--- Dataset entries ---
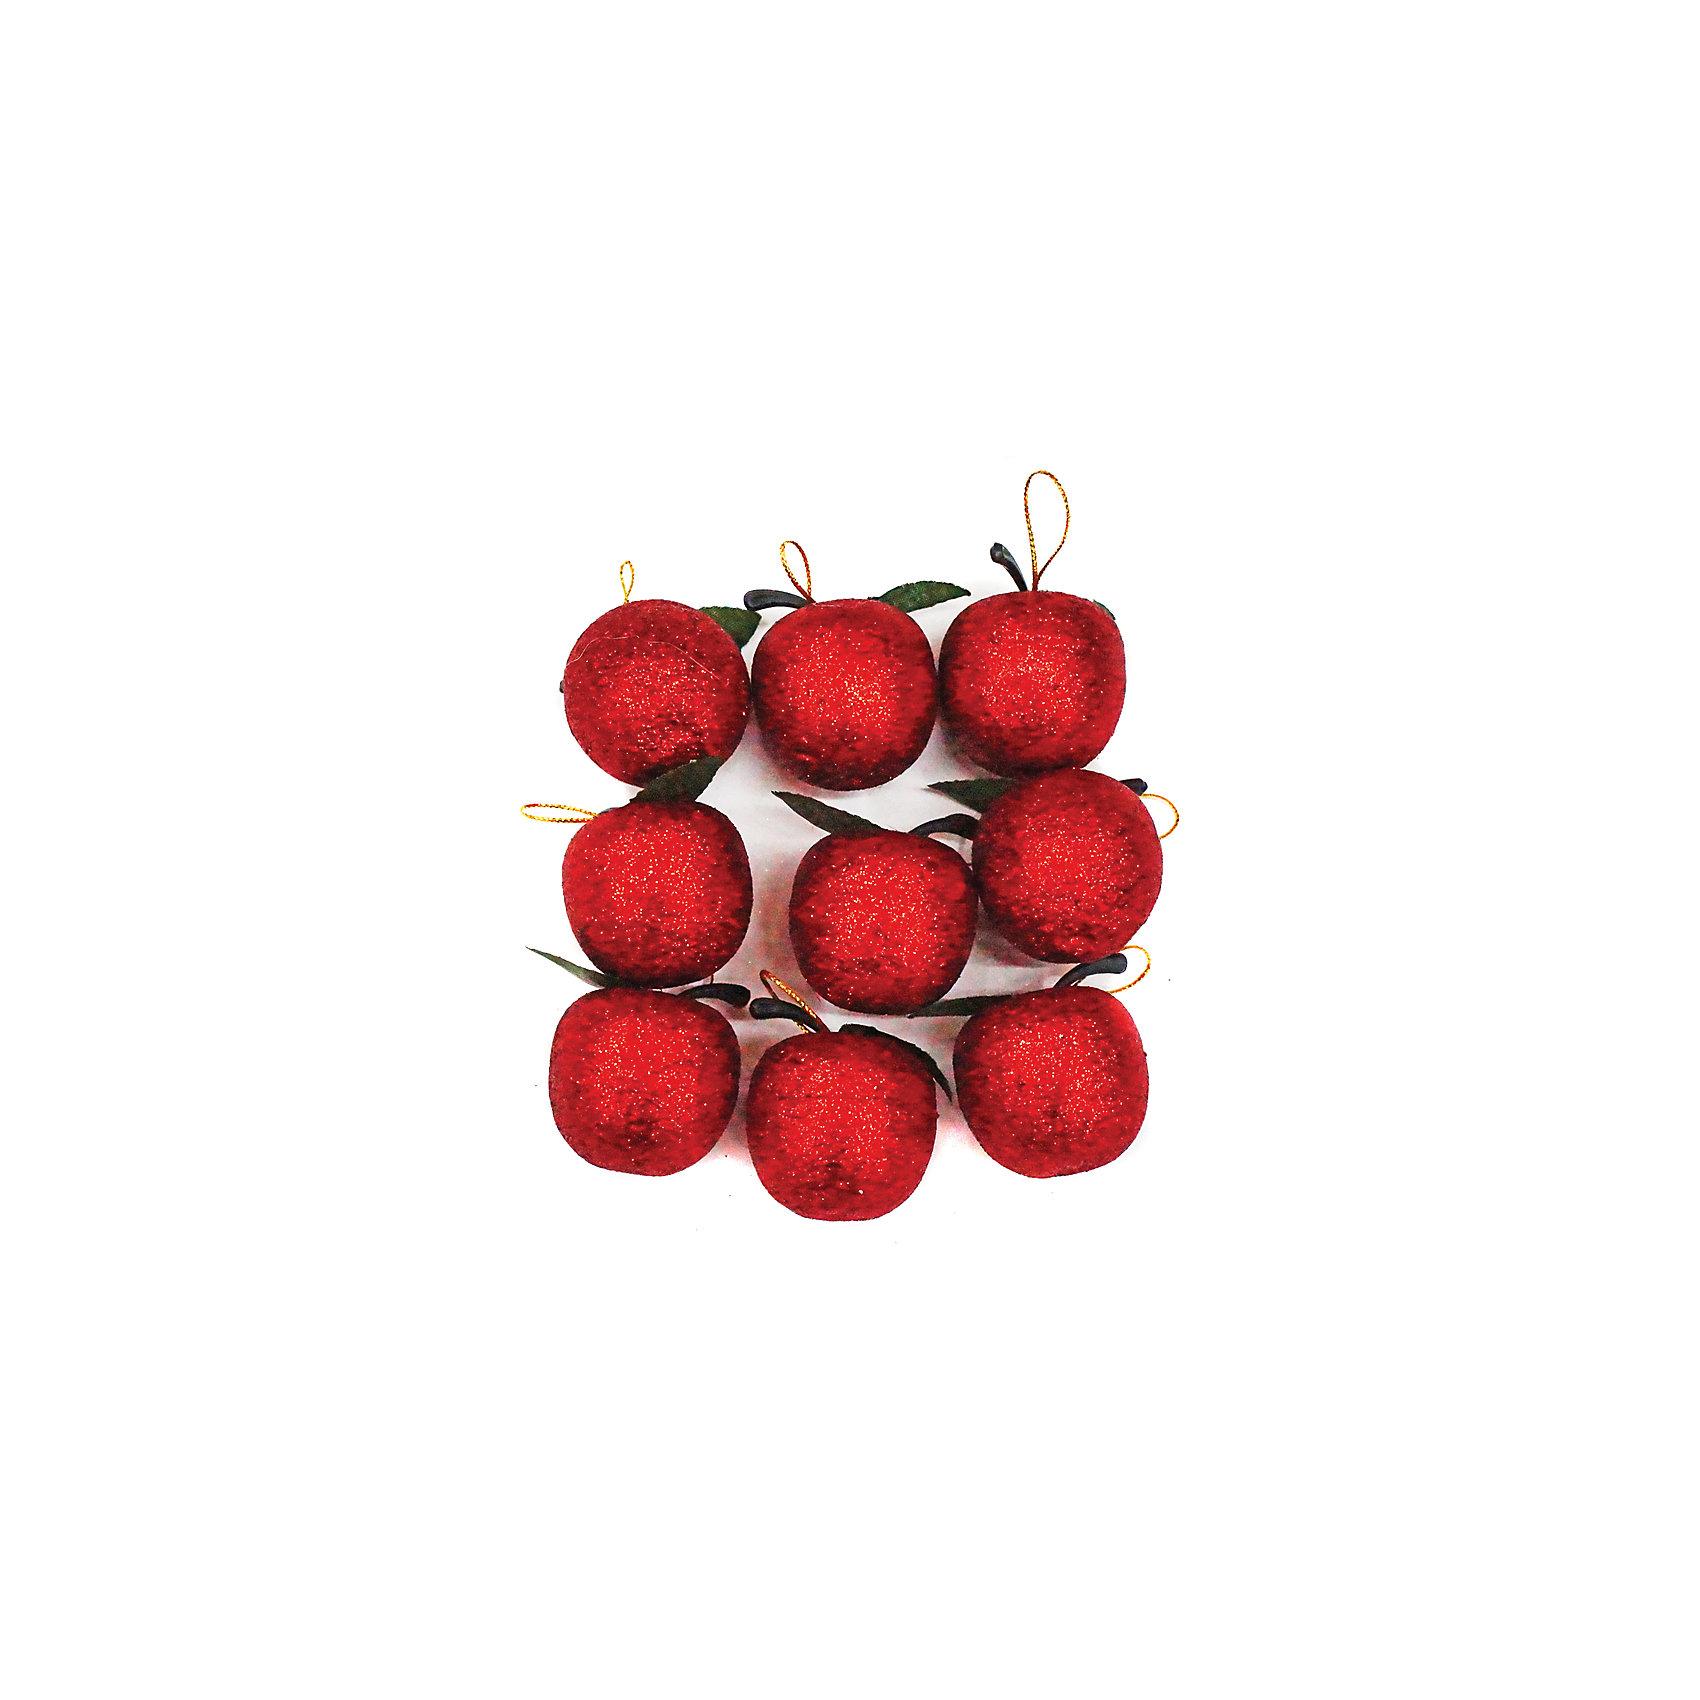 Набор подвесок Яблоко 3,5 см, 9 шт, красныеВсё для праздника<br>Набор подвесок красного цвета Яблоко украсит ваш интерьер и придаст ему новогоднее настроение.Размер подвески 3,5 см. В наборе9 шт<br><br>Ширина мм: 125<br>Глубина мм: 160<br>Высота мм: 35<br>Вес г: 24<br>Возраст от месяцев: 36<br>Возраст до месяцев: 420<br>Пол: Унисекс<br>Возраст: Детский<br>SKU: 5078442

...

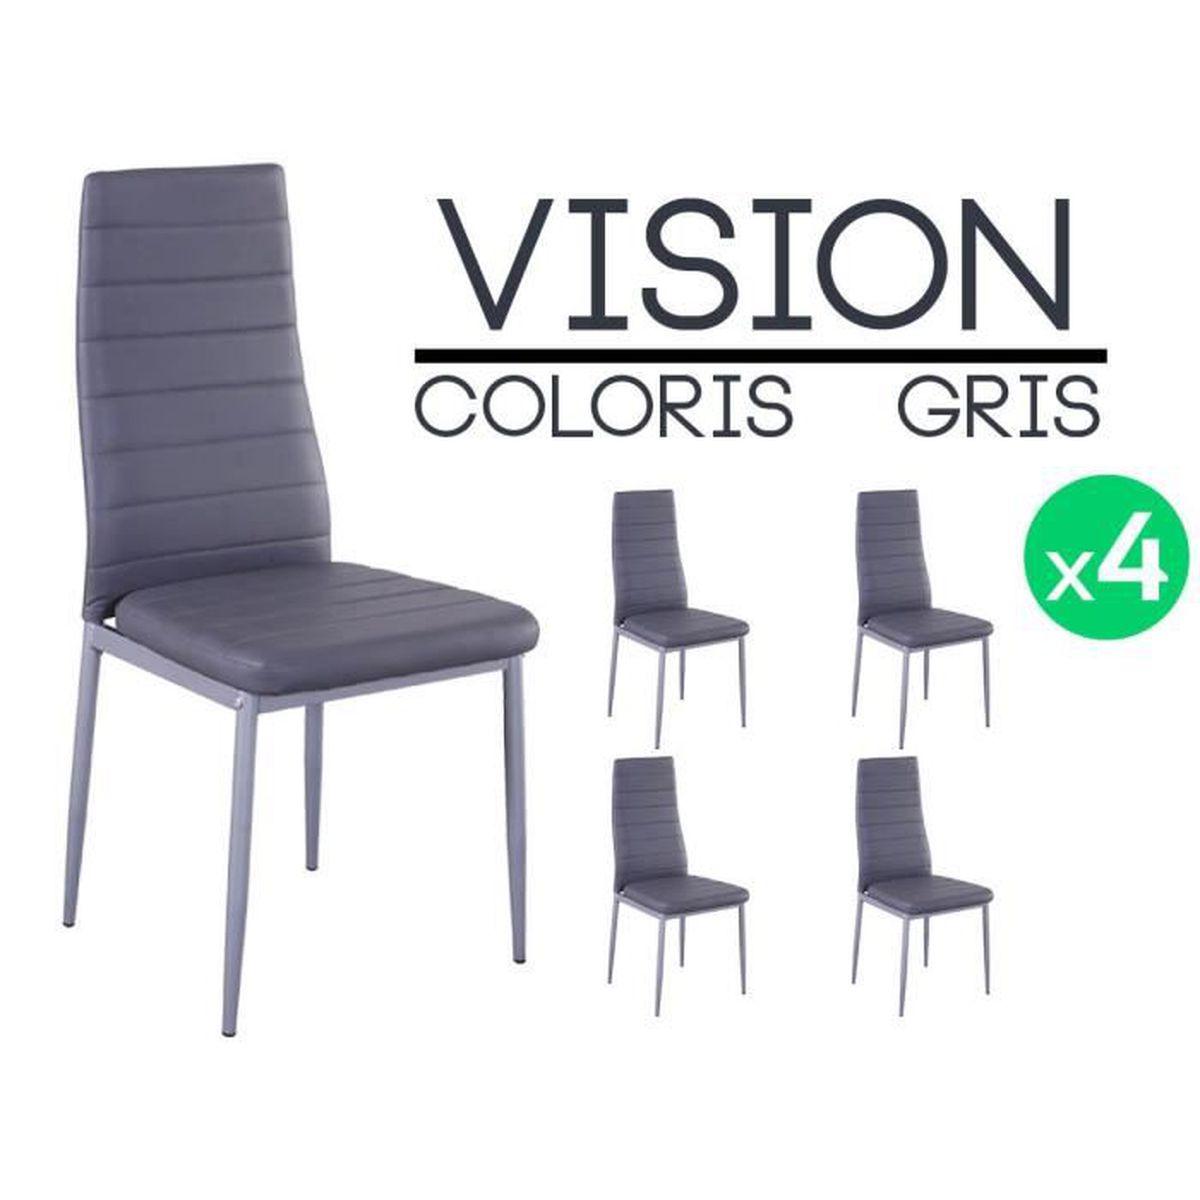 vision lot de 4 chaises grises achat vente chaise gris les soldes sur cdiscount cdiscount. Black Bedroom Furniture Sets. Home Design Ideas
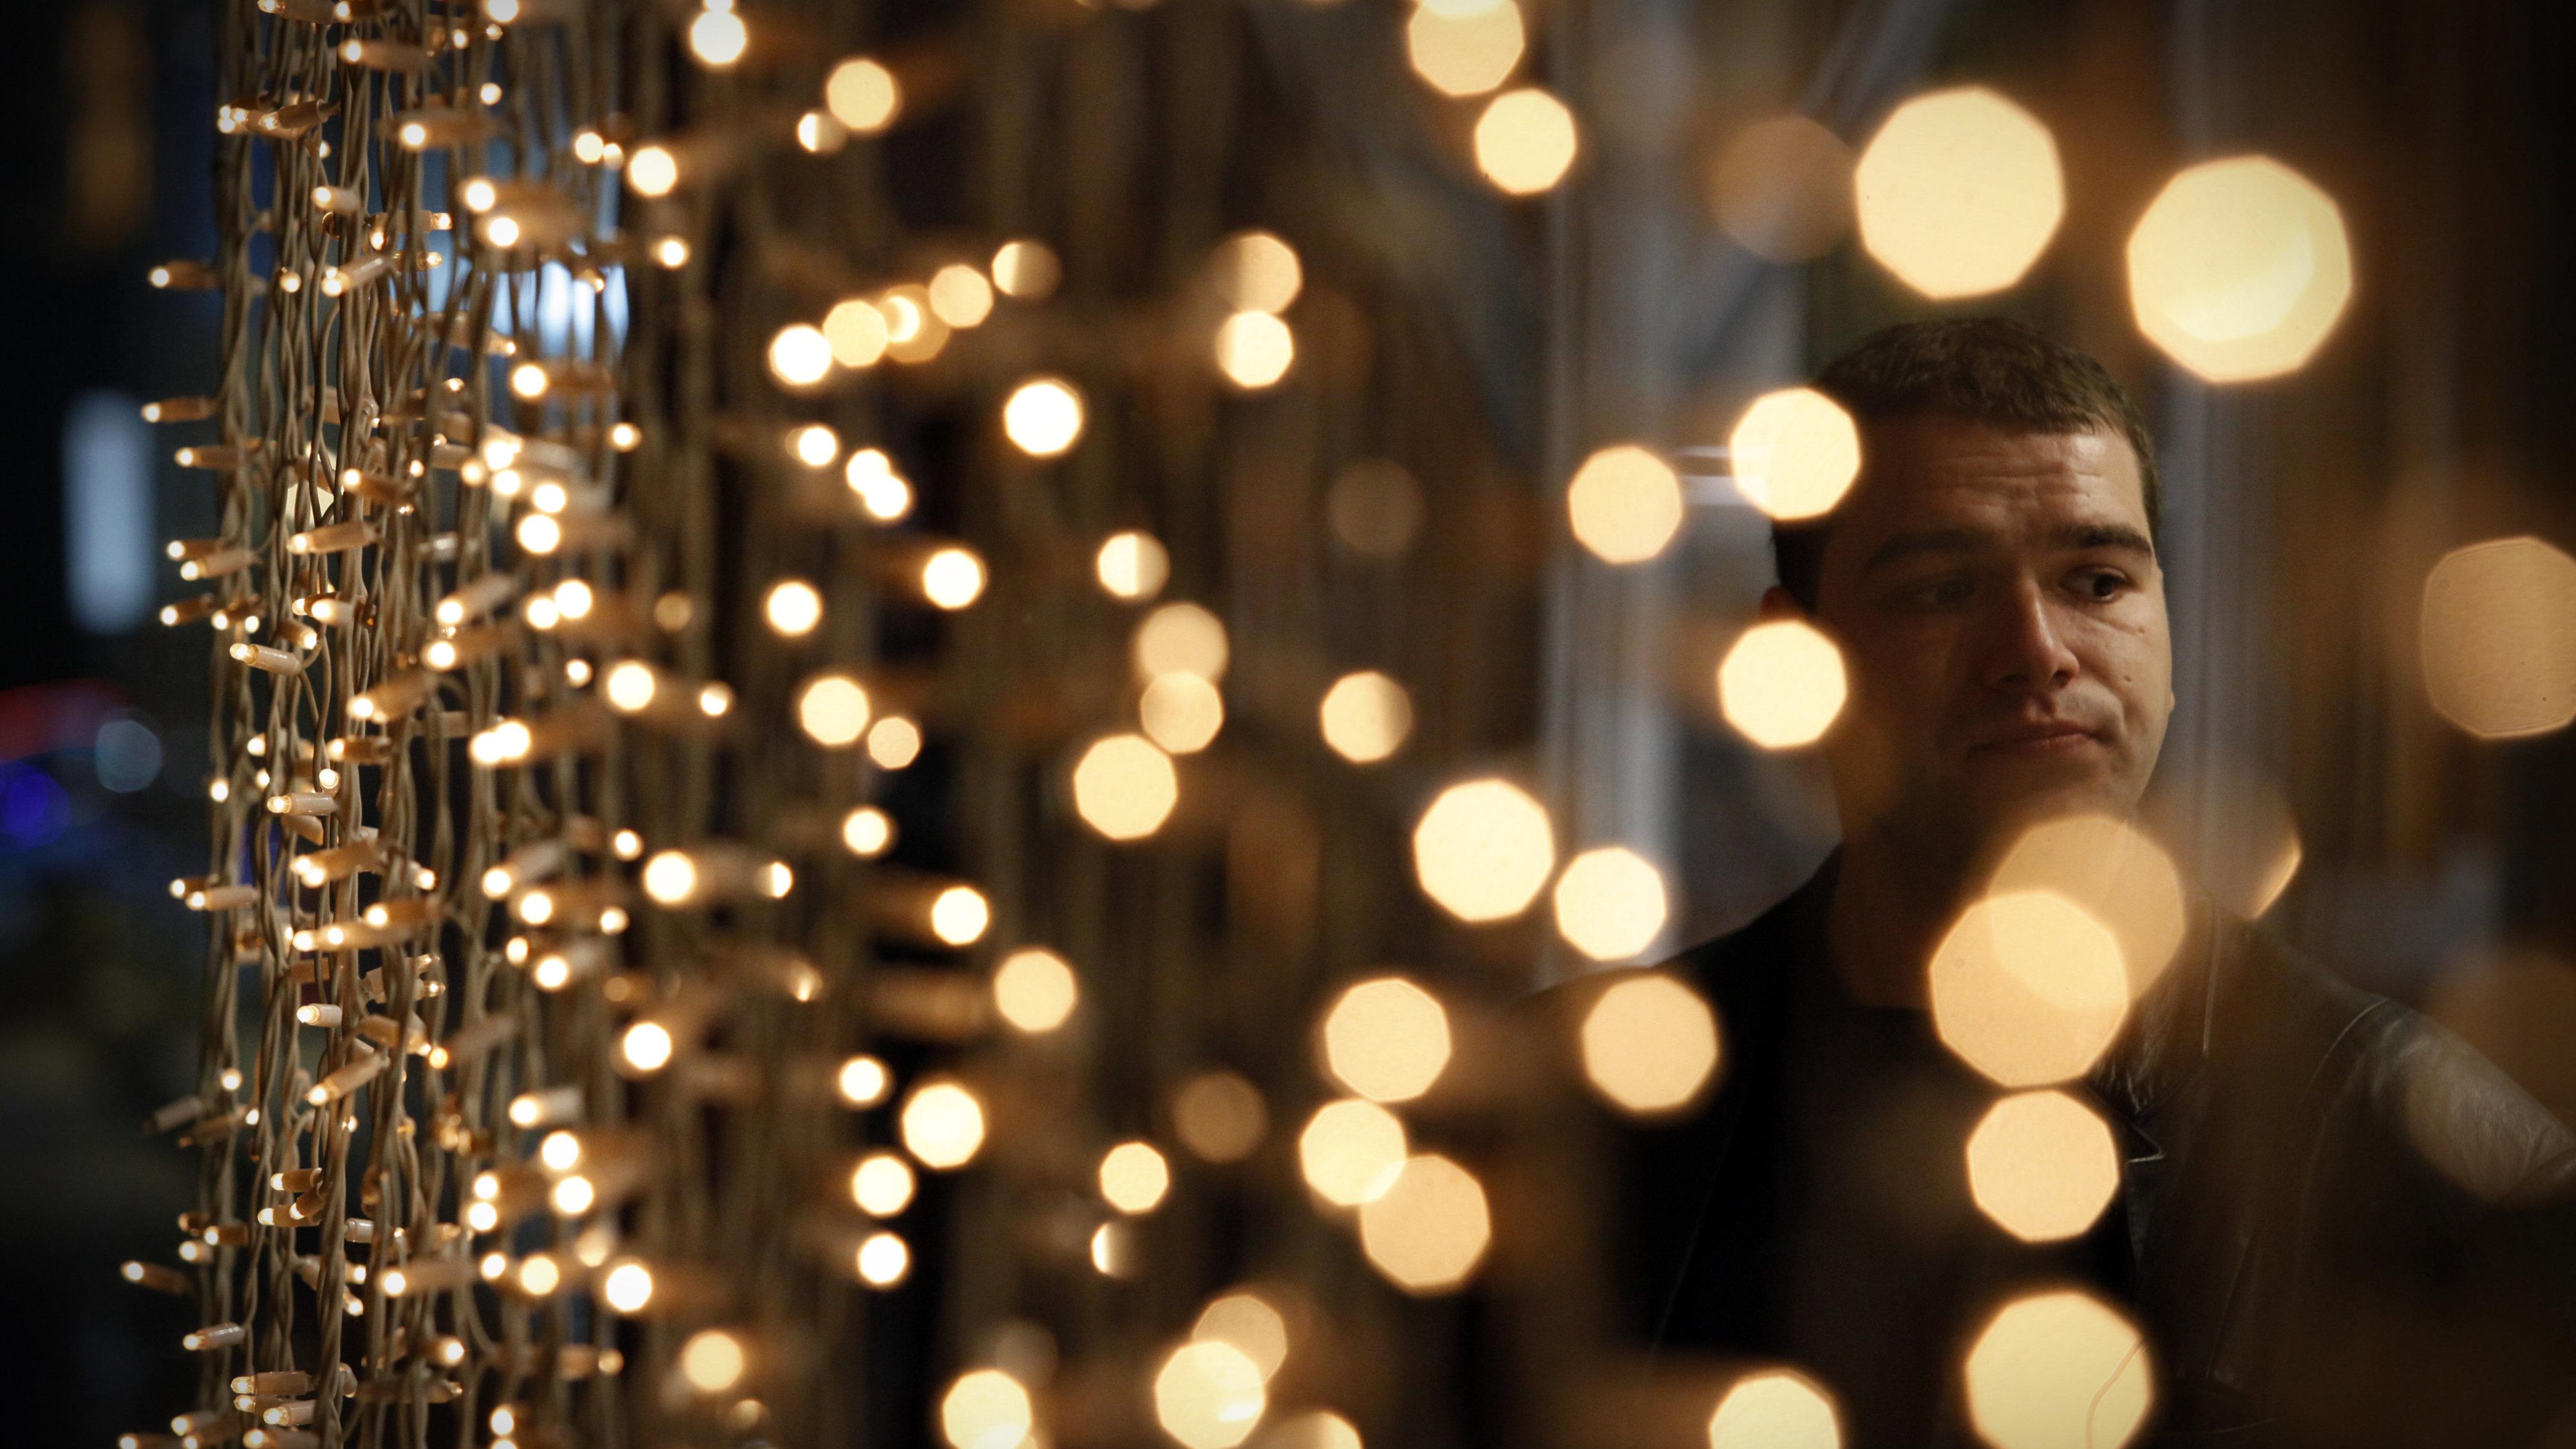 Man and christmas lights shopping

--- Task details ---
In the listing above, find the line holding "vision lot de" and the line holding "Man and christmas lights shopping". Reproduce those two lines and all between them exactly, leaving out pictures.

--- Reply to the exercise ---
 vision lot de 4 chaises grises achat vente chaise gris les soldes sur cdiscount cdiscount. Black Bedroom Furniture Sets. Home Design Ideas
 Man and christmas lights shopping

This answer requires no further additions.